The train did three return journeys per day and had six stops. The terminus in Montpellier was located in the town centre on the Esplanade (now esplanade Charles-de-Gaulle), and at an altitude of 35 m, it was the highest section of the line. The Céreirède stop, in operation from 1908 to 1968, was in the town of Lattes; the bridge used by the train between the Céreirède and Lattes no longer exists.

The residents of the locality of Premières Cabanes asked that the train stop there too, which was agreed to by the Railway Management and implemented in 1884, enabling the residents to send wreaths of reeds to the town, used for covering roofs or making windbreaks. The hunters and their dogs in the C class often used this stop, as at the time, the banks of the lakes were full of game.

 

The railway reached Palavas above the Rhone canal at Sète by a narrow bridge. The last stop was around 200 m before the terminus on the right bank at the Garette, before arriving on the left bank as close as possible to the beach. The Marquis of Saint-Maurice gave the land to the Regional council on condition that it was devoted solely to railway transport. The mayor of Palavas, who demolished the station in 1974, was therefore under the obligation to reconvert the land into a coach and bus station and into car parks for the cars.
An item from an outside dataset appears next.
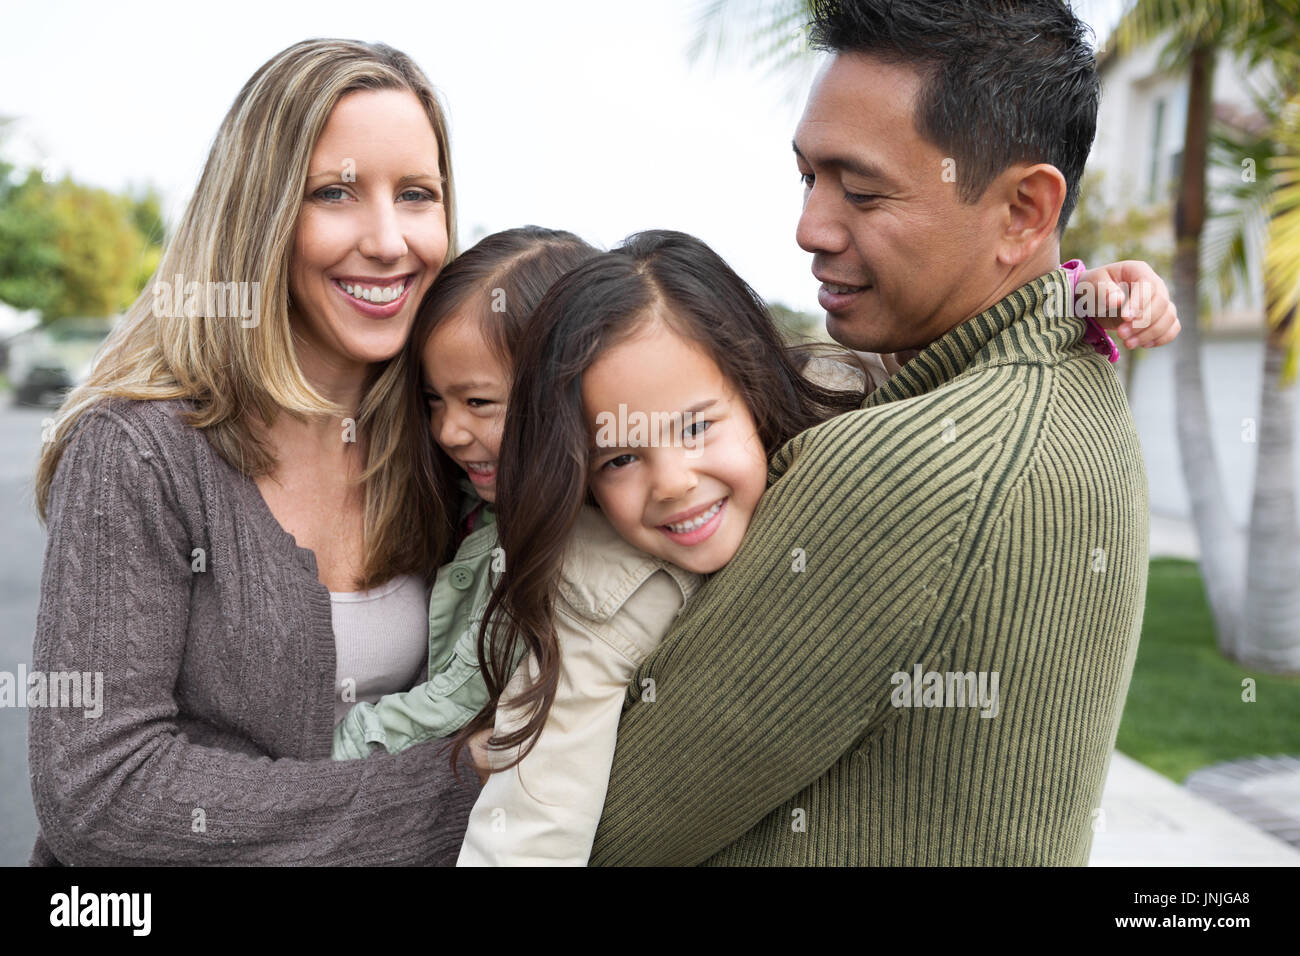 Mixed race family. Stock Photo

In 1968, the Company experienced major running difficulties and the little train was stopped, just short of its one hundredth anniversary. All of the locomotives, except two, were recycled in Alsace and at the Marquèze Eco-museum in the Landes region. The locomotive No.81 is displayed since 1995 at the entrance to Montpellier on the Palavas roundabout and is listed as a historic monument. The other belongs to the Albert-Dubout museum in Palavas. This wonderful cartoonist sketched the little train and its passengers from 1922 for our great pleasure. An absolute must to visit!